ATM以外でも、カナダは以下のような法整備を急ピッチで進めています。

  • 連邦ステーブルコイン・フレームワーク(Bill C-15):2027年からの本格始動を目指し、法定通貨担保型のステーブルコイン発行者に対し、カナダ銀行(中銀)の監督下での登録と、100%の準備金維持を義務付けます。
  • 政治献金の禁止(Bill C-25):トレーサビリティの欠如と外国からの干渉を懸念し、連邦選挙における暗号資産による寄付を全面的に禁止します。

これらの動きは、暗号資産を「野放しのイノベーション」として放置するのではなく、既存の金融システムと同等の透明性と責任を求める段階に入ったことを示しています。

業界と利用者への影響

この禁止案が成立すれば、カナダ国内のATM運営事業者はビジネスモデルの根本的な転換を迫られます。

一方、一般の利用者にとっては、物理的な利便性は低下するものの、より安全で透明性の高い取引所への移行が促されることになります。
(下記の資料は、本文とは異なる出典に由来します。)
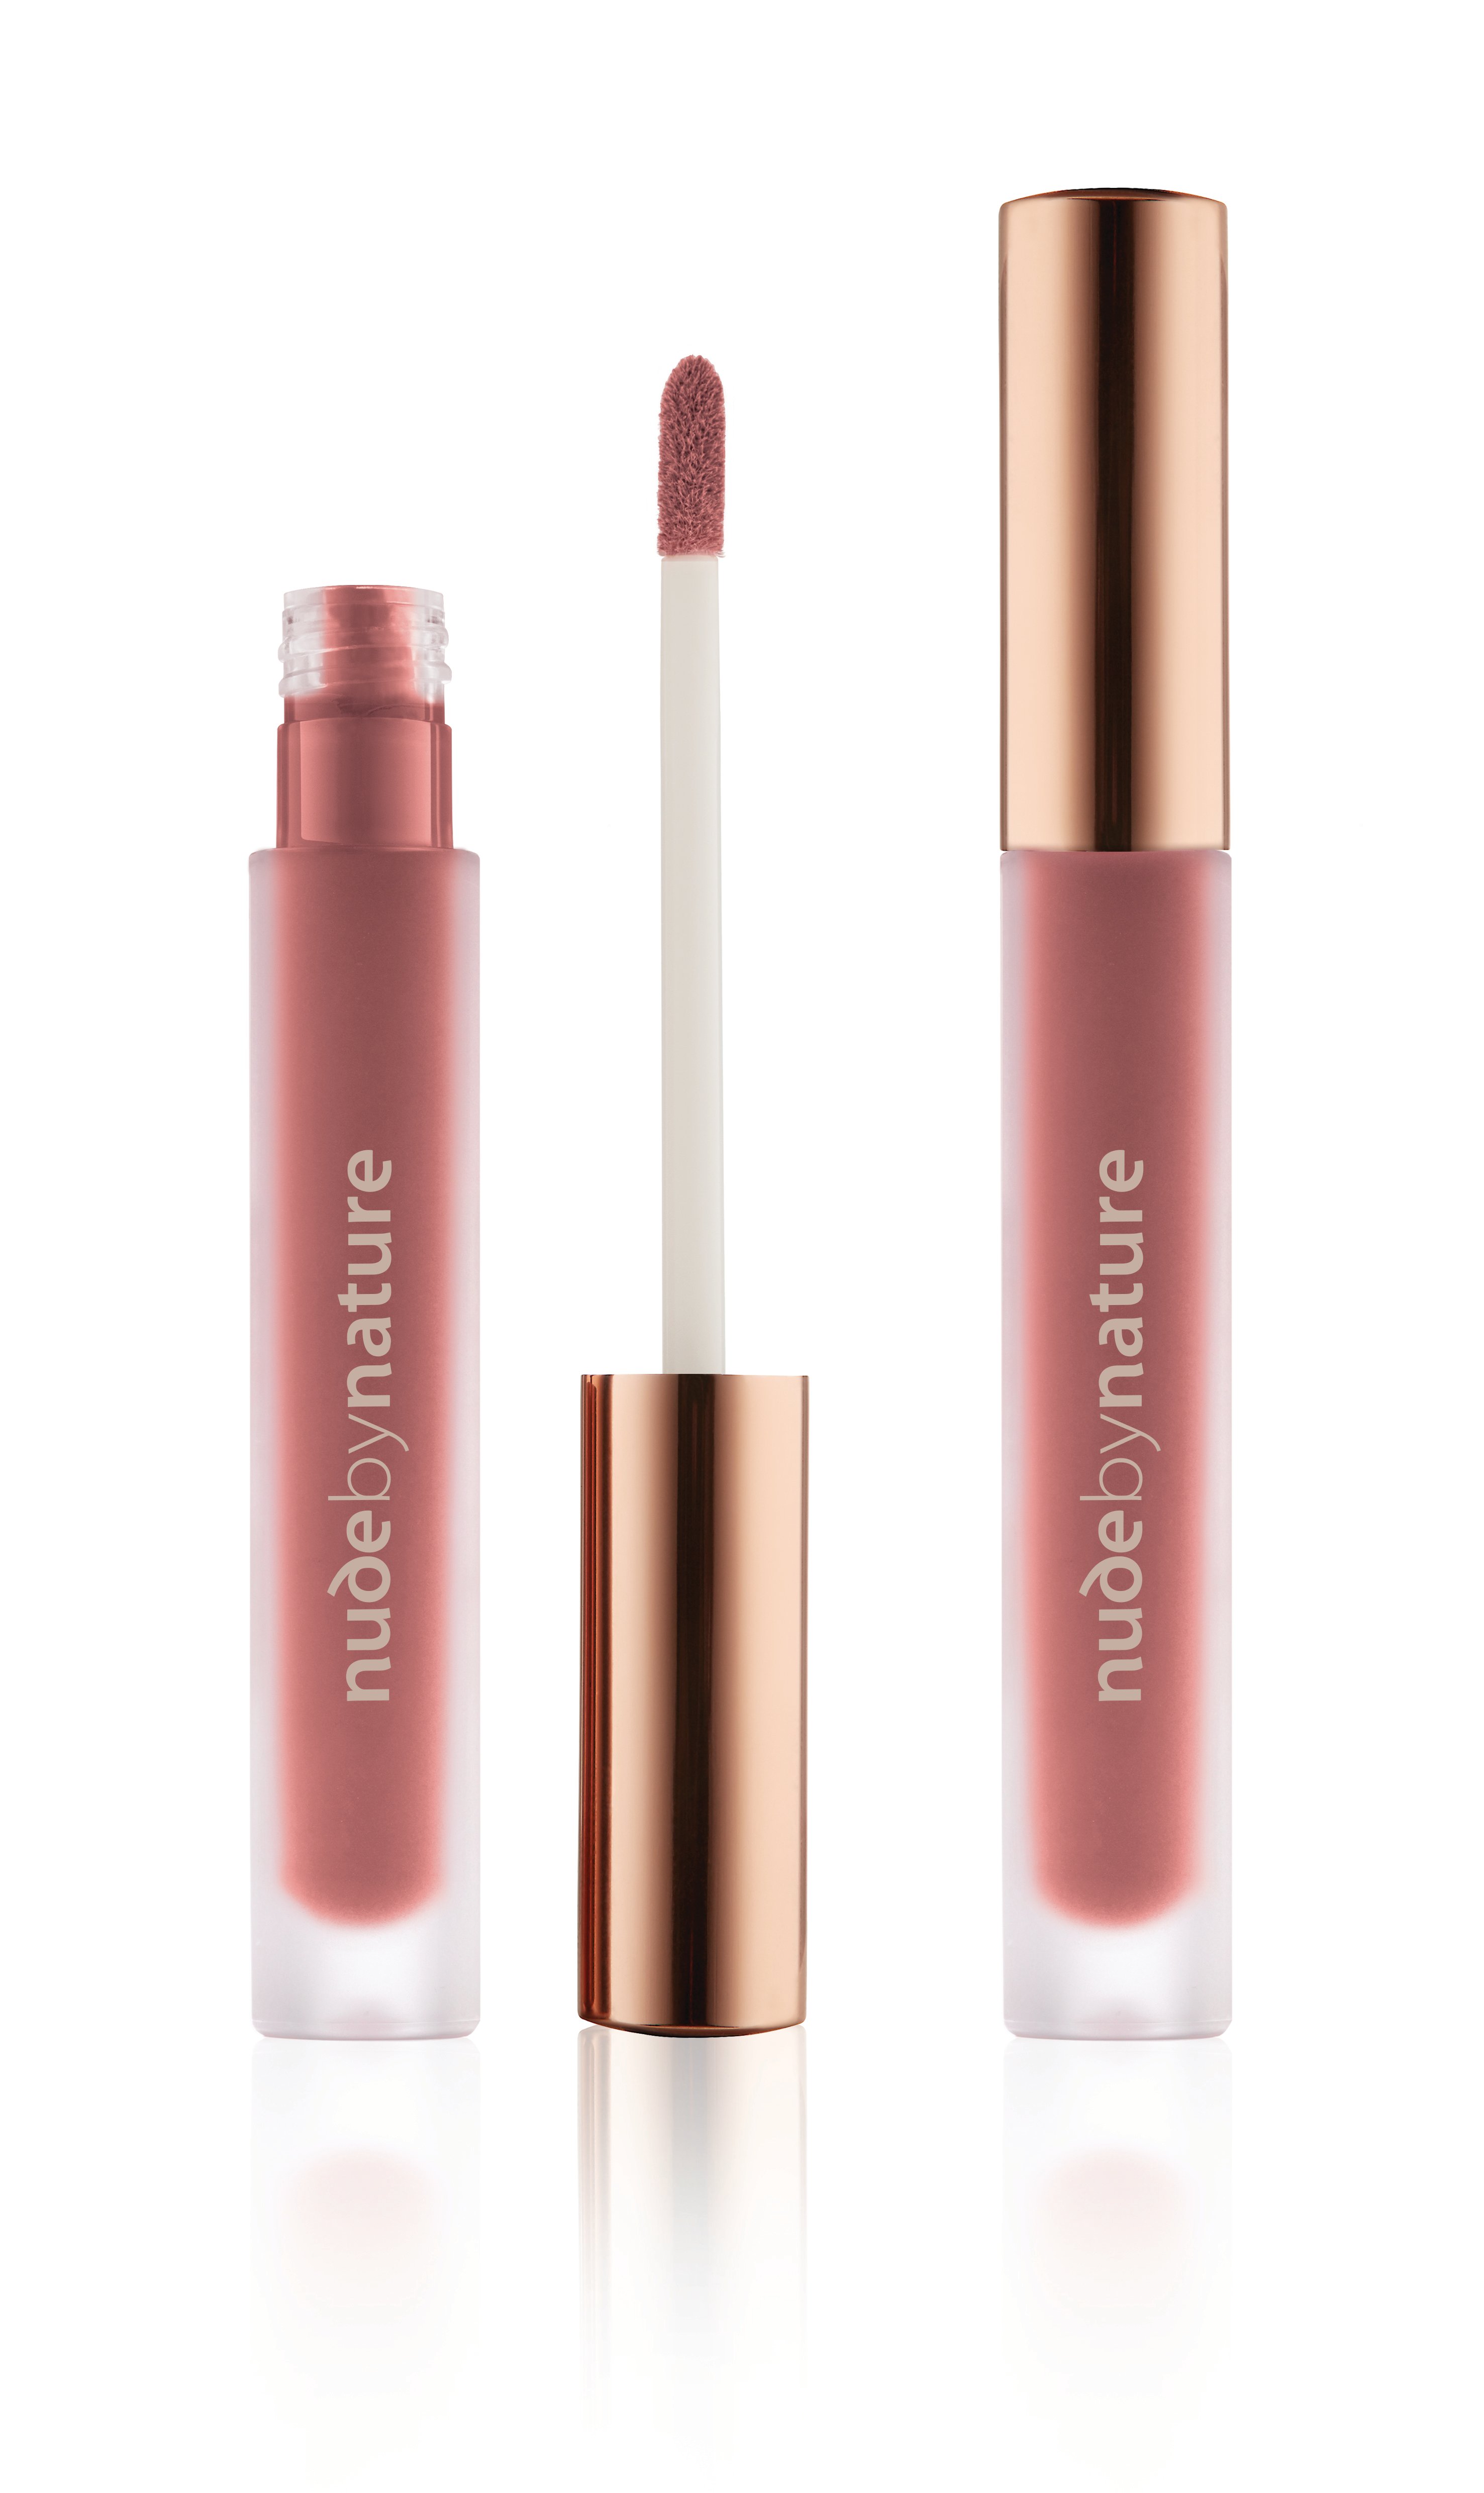 Nude by Nature - Satin Liquid Lipstick - 03 Natural

政府の狙いは、「利便性と引き換えに犯罪を許容する時代」に終止符を打つことにあります。

詐欺被害者の多くがテクノロジーに詳しくない高齢者や脆弱な層であることを考えると、物理的なアクセスポイント(ATM)を遮断することは、最も直接的で効果的な「防波堤」になると判断されたのです。

まとめ

カナダ政府による暗号資産ATMの全面禁止提案は、ビットコインATM誕生の地である同国にとって、皮肉にも「デジタル資産の社会的受容には、極めて厳格な管理が不可欠である」という結論を突きつけた形となりました。

2026年度の経済更新に盛り込まれたこの方針は、単なる詐欺対策に留まらず、ステーブルコイン規制やFINTRACの権限強化と連動した、包括的な「金融包囲網」の一環です。

今後は、この提案がいつ法制化され、現存する数千台の端末がどのようなスケジュールで撤去されるのかが注目の焦点となります。

カナダのこの決断は、暗号資産を日常のインフラとして認めるか、あるいはリスクとして排除するか、揺れる世界各国の規制当局に大きな一石を投じることになるでしょう。